RelightVid – A video relighting model jointly launched by Shanghai AI Laboratory and universities such as Fudan University

What is RelightVid？

RelightVid is a temporally consistent diffusion model for video relighting, developed by Shanghai AI Lab, Fudan University, Shanghai Jiao Tong University, Zhejiang University, Stanford University, and The Chinese University of Hong Kong. It enables fine-grained and consistent scene editing of input videos based on text prompts, background videos, or HDR environment maps. The model supports both full-scene relighting and foreground-preserving relighting.

RelightVid is built upon a custom-enhanced pipeline that generates high-quality paired video relighting data, combining real-world videos and 3D-rendered scenes. It extends a pre-trained image-based lighting diffusion framework (IC-Light) with trainable temporal layers to enhance relighting consistency and quality in videos. RelightVid excels in maintaining temporal coherence and lighting detail, offering new possibilities for video editing and generation.

Key Features of RelightVid

Text-Guided Relighting: Relight videos based on user-provided text descriptions, such as “sunlight filtering through leaves” or “soft morning light, golden hour effect.”
Background Video-Guided Relighting: Use a background video as lighting context to dynamically match foreground lighting with the background illumination.
HDR Environment Map-Guided Relighting: Precisely control lighting conditions using HDR environment maps, achieving high-quality relighting effects.
Full-Scene Relighting: Relight both foreground and background to match the desired lighting condition for a cohesive scene.
Foreground-Preserving Relighting: Relight only the foreground while preserving the original background—ideal for scenarios where the foreground subject needs emphasis.
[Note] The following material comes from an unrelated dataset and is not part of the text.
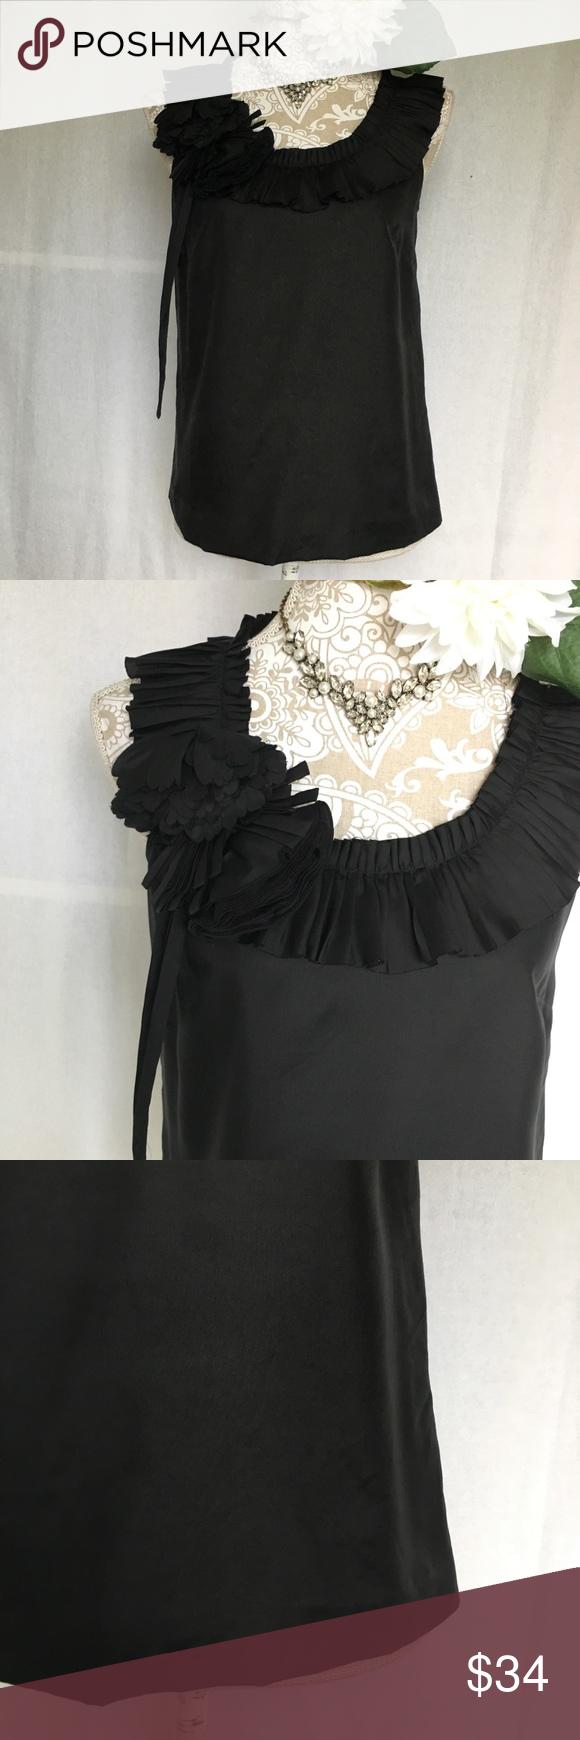 d6dce25b5820 J. Crew // Black Silk Pleated Posy Top SZ 0 18679 A gorgeous silk top from J.  Crew. Black color. Pleats and fabric flowers along the neckline.

Technical Principles Behind RelightVid

Diffusion Model Extension: RelightVid is based on a pre-trained image relighting diffusion model (e.g., IC-Light), extended to handle video input by introducing temporal layers that capture inter-frame dependencies and ensure temporal consistency in relighting.
Multi-Modal Conditional Training: The model supports simultaneous conditioning on background videos, text prompts, and HDR maps. These inputs are encoded and embedded into the model via a cross-attention mechanism for coherent multi-modal editing.
Illumination-Invariant Ensemble (IIE): Enhances the robustness of the model to various lighting conditions by applying brightness augmentation to input videos and averaging noise predictions to prevent inconsistencies in reflectance.
Data Augmentation Pipeline (LightAtlas): Generates high-quality video relighting pairs using a combination of real videos and 3D-rendered data, enriching the model with diverse lighting priors and improving its adaptability to complex lighting environments.

Project Links

Project Website: https://aleafy.github.io/relightvid/
GitHub Repository: https://github.com/Aleafy/RelightVid
arXiv Paper: https://arxiv.org/pdf/2501.16330
Online Demo: https://huggingface.co/spaces/aleafy/RelightVid

Application Scenarios for RelightVid

Film and TV Production: Modify scene lighting in movies or TV shows to align with narrative needs or creative vision, without reshooting.
Game Development: Dynamically adjust scene lighting in games to enhance immersion and visual quality across different times and weather conditions.
Augmented Reality (AR): Real-time relighting of virtual objects in AR to match real-world lighting, improving realism and user experience.
Video Advertising & Marketing: Quickly generate various lighting styles for ad videos, aligning with different brands or campaign themes to increase visual appeal.
Video Content Creation: Empower content creators to easily change lighting moods in videos—simulating different times of day or weather—to enrich their storytelling.